- **ACTIVITY**:
Starting at the line that contains "Purton Linen Blend", transcribe each line exactly through the end of the data below, and skip any pictures.

- **INFORMATION PROVIDED**:
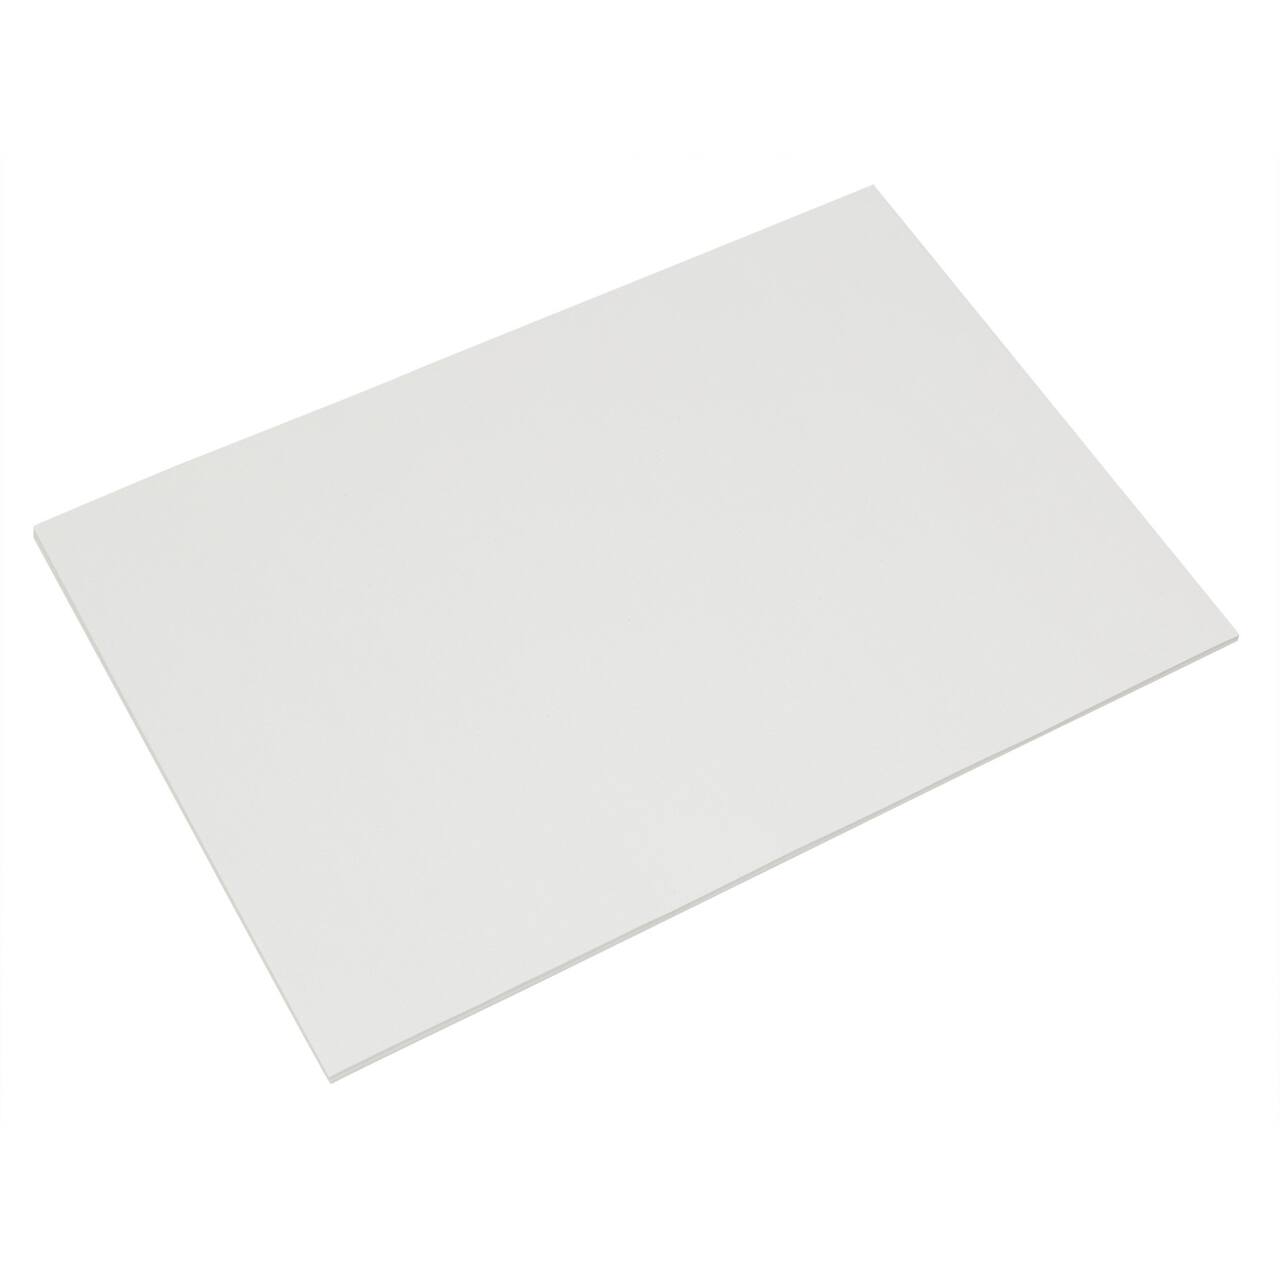 Giant Finger Paint Paper, 25 Painting Paper Sheets
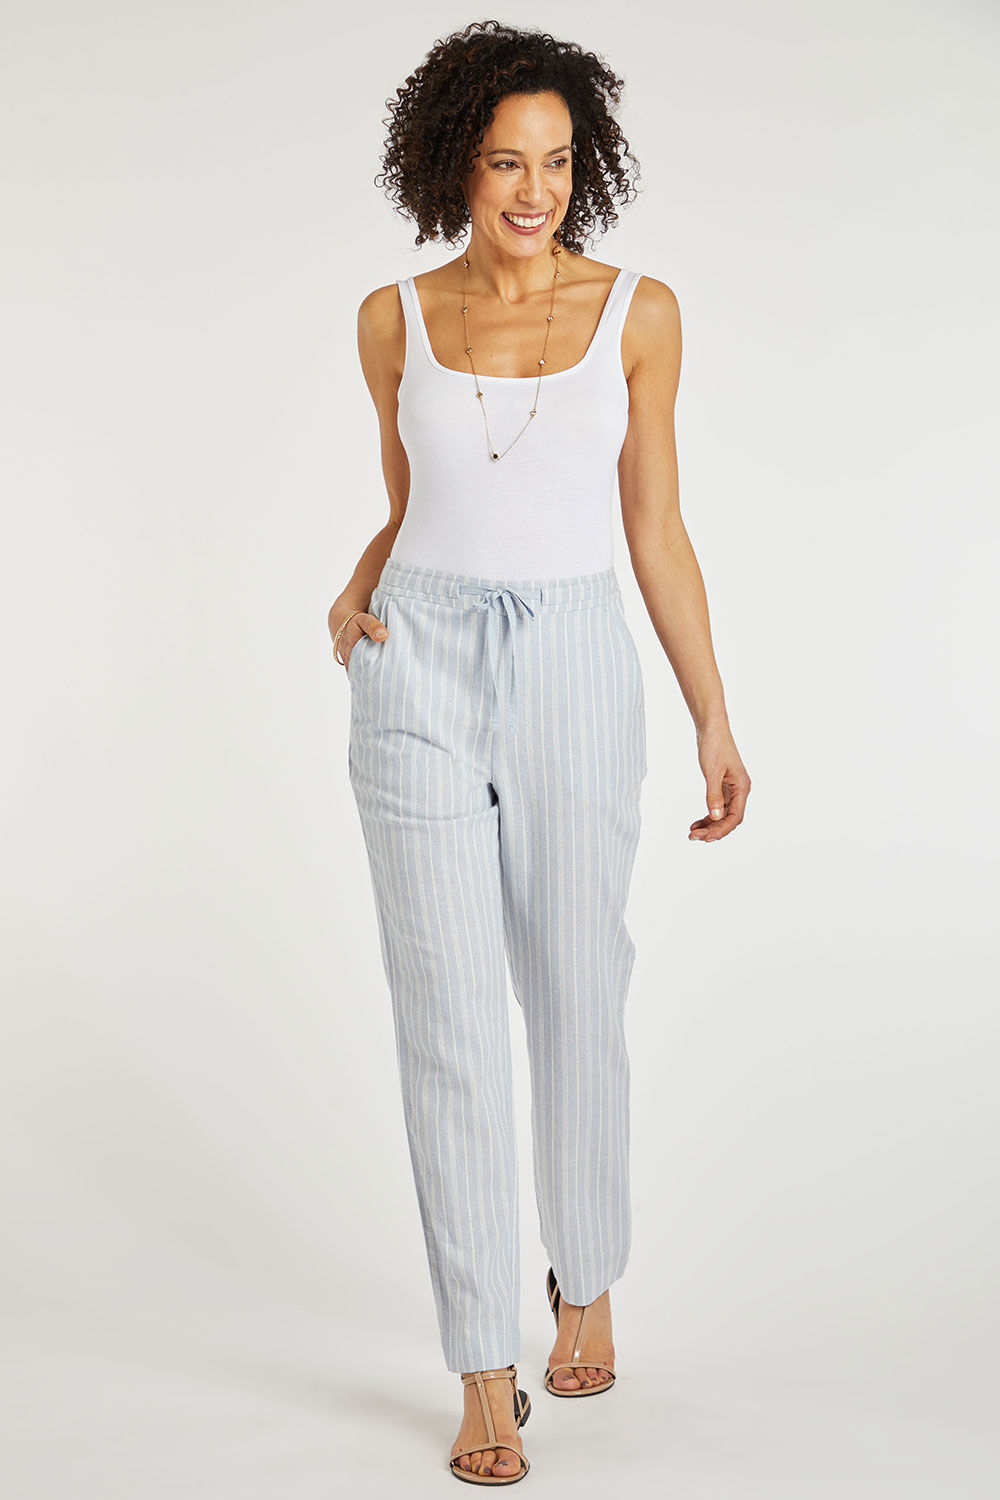 Purton Linen Blend Tapered Trousers Pants  Leggings  FatFacecom
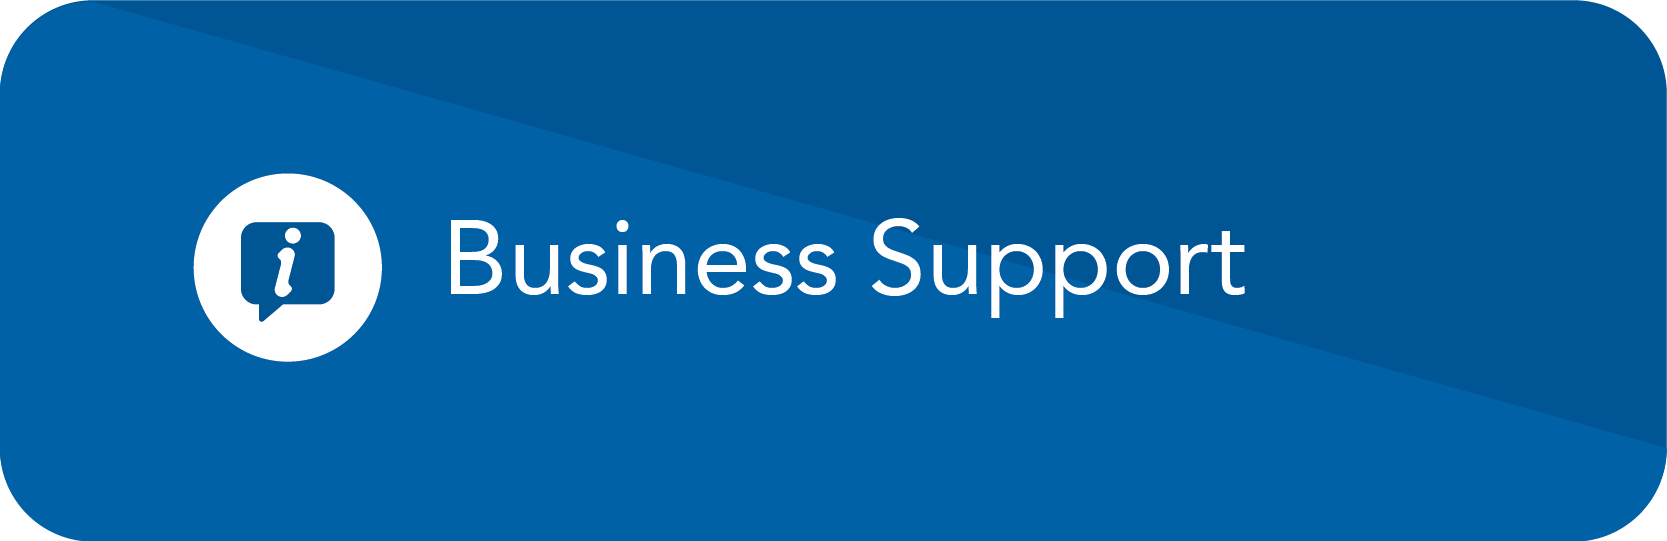 business support button
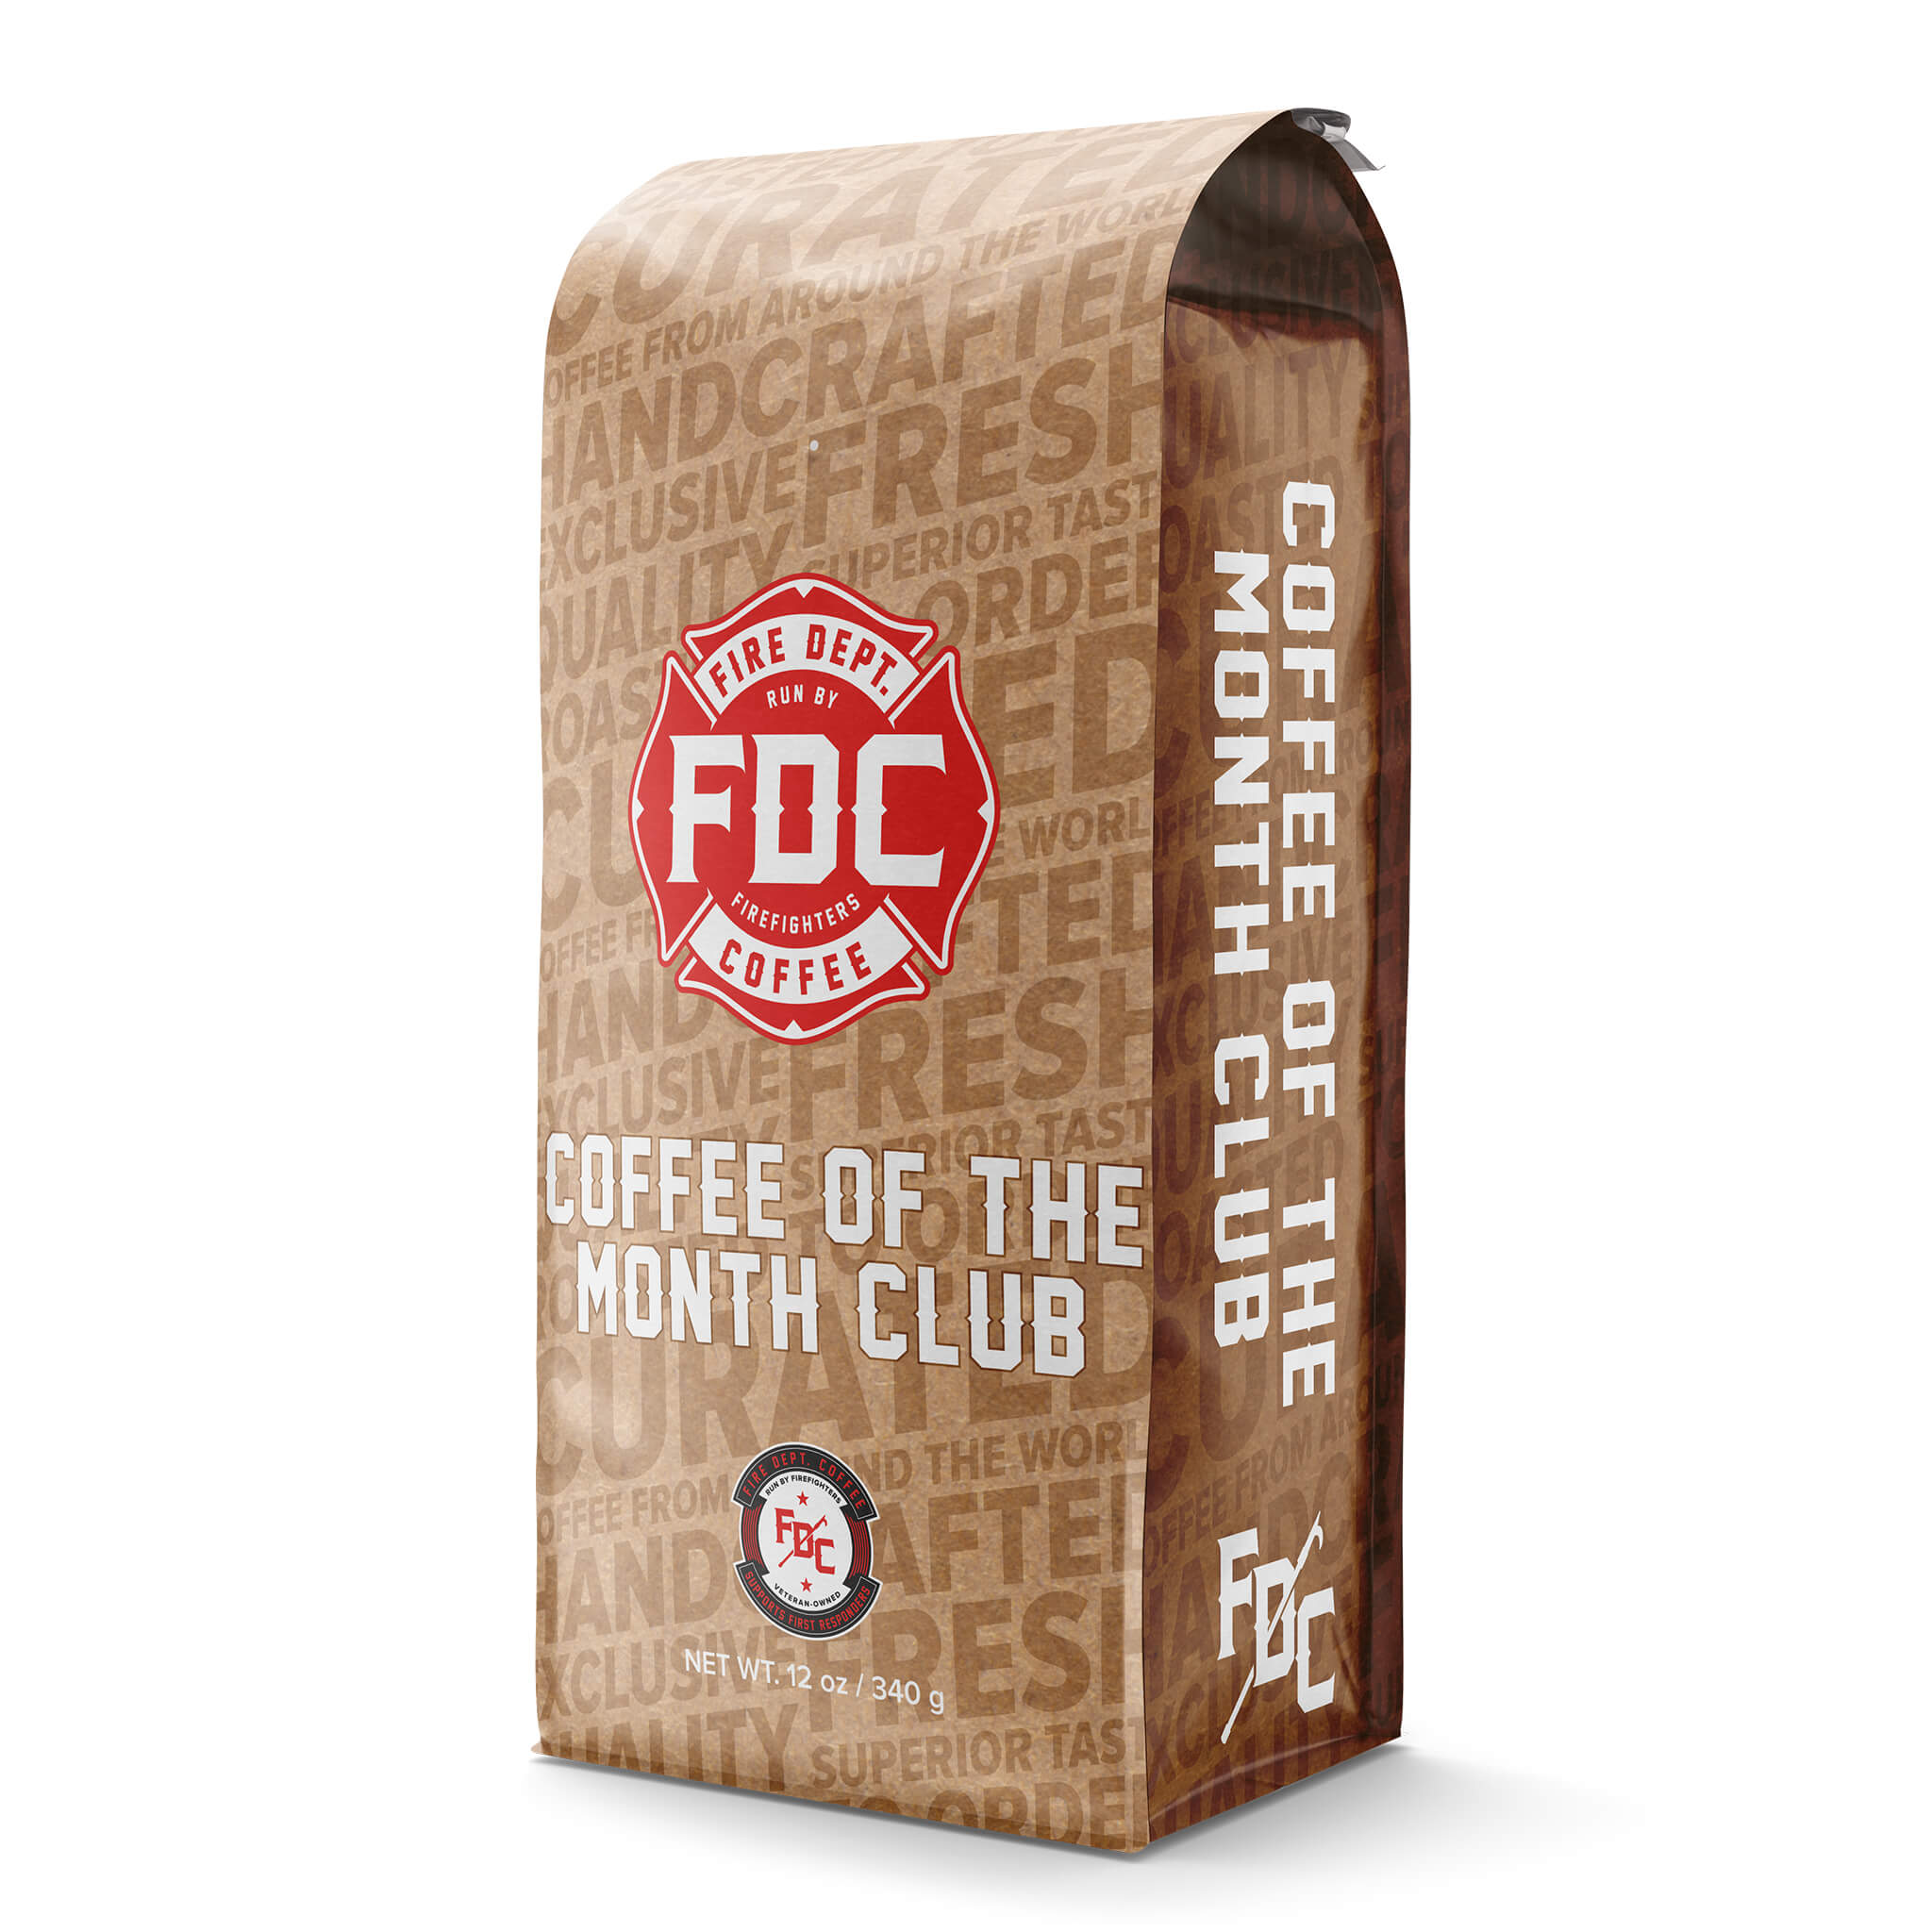 Bag of the Coffee of the Month

- **EXERCISE SOLUTION**:
 Purton Linen Blend Tapered Trousers Pants  Leggings  FatFacecom
 business support button
 Bag of the Coffee of the Month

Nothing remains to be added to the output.